-------- DATA FOR THIS EXERCISE --------
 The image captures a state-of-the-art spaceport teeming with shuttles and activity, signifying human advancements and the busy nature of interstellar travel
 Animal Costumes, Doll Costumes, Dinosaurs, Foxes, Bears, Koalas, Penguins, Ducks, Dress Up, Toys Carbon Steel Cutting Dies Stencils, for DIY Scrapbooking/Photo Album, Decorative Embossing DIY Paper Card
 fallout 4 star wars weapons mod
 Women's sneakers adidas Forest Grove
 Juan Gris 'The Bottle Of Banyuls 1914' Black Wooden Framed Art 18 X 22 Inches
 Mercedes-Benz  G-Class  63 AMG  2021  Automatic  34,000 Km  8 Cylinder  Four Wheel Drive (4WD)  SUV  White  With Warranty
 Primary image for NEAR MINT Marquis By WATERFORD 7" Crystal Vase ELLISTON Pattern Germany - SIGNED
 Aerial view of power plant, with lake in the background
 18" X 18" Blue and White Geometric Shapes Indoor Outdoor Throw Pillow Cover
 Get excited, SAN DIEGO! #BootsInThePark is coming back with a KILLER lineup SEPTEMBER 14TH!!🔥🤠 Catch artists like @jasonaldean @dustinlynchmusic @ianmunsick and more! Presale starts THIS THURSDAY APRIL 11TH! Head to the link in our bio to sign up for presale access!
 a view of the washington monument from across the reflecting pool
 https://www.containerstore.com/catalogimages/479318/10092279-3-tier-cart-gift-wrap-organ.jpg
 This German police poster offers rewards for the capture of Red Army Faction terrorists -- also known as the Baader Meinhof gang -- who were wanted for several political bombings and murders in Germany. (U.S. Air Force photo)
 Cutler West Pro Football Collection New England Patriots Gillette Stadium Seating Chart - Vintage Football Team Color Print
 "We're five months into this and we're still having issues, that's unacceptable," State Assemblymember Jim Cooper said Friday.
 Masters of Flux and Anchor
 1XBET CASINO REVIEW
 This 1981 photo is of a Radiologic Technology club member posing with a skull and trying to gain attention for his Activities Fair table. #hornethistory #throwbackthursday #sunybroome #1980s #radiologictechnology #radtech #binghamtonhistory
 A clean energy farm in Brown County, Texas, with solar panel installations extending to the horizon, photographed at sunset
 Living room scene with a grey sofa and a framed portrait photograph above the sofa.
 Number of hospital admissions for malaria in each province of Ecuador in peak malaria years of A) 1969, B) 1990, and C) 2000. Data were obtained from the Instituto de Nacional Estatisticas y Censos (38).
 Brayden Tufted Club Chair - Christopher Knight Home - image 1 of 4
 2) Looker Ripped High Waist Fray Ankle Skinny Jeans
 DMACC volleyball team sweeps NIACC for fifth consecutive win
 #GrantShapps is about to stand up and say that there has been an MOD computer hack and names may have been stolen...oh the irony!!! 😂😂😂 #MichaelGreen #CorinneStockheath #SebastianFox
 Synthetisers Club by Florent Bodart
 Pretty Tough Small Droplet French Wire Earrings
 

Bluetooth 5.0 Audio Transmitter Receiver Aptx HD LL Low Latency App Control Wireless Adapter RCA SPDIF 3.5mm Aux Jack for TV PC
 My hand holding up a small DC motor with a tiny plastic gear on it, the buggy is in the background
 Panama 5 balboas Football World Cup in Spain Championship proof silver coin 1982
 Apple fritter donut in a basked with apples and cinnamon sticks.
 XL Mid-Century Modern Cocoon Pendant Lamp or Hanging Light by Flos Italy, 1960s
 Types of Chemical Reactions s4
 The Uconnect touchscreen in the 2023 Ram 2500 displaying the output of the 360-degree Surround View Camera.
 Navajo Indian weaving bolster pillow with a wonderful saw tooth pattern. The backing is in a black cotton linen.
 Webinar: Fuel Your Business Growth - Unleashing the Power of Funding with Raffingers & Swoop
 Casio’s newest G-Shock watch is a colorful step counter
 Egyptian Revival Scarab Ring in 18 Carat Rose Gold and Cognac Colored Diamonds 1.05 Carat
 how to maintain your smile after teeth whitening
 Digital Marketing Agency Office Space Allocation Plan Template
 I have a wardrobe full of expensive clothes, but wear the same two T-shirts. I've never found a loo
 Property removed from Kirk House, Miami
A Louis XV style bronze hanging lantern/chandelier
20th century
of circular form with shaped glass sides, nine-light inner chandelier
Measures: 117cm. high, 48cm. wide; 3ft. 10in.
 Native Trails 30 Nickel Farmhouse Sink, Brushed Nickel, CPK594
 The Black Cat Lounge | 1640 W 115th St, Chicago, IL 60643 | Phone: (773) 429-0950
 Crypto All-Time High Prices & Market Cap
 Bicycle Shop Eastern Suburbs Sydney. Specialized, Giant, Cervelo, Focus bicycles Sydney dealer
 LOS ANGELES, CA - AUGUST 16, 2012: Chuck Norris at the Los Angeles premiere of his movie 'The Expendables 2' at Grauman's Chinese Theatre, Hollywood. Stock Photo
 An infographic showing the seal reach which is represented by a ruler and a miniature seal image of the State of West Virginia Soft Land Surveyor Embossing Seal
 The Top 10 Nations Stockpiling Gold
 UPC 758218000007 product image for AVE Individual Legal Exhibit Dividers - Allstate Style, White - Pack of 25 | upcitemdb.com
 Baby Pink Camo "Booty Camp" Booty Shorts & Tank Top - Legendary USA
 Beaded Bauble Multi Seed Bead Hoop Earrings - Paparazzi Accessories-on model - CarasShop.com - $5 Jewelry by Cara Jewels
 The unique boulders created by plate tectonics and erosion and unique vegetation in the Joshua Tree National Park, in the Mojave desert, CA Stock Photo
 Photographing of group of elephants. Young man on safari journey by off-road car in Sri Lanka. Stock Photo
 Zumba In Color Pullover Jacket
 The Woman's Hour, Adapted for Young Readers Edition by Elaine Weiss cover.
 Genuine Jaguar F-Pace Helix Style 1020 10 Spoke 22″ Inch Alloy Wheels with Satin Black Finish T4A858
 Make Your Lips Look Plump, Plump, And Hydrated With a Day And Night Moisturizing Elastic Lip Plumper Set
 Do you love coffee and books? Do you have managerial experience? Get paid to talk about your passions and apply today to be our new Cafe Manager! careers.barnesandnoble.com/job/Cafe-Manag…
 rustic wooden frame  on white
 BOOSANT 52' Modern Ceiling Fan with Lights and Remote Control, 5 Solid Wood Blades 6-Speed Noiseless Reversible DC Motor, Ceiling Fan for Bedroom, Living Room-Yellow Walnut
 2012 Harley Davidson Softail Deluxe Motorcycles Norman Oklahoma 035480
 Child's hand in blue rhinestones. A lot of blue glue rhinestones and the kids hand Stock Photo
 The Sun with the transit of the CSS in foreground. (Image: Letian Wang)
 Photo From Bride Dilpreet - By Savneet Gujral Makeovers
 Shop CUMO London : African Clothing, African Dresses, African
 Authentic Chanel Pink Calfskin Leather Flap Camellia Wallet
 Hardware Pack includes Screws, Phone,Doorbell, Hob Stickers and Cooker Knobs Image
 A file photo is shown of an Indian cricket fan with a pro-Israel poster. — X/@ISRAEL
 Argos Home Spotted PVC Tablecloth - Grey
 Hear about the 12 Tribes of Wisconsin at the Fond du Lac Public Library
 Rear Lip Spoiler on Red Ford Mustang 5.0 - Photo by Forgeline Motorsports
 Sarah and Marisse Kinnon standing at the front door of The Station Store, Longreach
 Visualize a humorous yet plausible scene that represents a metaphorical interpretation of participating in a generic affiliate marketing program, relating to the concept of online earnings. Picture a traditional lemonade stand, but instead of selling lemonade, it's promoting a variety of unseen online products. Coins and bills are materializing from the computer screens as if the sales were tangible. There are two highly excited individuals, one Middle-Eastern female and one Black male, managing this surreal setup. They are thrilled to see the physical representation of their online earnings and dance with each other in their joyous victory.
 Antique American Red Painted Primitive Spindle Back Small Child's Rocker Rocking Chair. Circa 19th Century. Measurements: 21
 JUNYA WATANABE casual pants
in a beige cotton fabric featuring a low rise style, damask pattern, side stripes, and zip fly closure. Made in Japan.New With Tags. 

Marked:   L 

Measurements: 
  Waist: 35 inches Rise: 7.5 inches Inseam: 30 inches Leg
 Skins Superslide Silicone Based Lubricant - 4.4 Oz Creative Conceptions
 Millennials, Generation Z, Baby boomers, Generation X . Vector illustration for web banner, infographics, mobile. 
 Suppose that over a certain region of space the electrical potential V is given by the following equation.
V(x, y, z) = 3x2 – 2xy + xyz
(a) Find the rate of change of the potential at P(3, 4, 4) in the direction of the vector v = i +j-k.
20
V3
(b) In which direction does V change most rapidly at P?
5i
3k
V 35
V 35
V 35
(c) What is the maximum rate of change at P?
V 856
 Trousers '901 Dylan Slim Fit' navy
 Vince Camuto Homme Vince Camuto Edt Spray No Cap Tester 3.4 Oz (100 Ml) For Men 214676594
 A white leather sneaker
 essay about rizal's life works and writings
--------
> **WORK INSTRUCTIONS**
Review the entries above and return every line where "Earrings" appears.

> **RESPONSE BOX**
 Pretty Tough Small Droplet French Wire Earrings
 Beaded Bauble Multi Seed Bead Hoop Earrings - Paparazzi Accessories-on model - CarasShop.com - $5 Jewelry by Cara Jewels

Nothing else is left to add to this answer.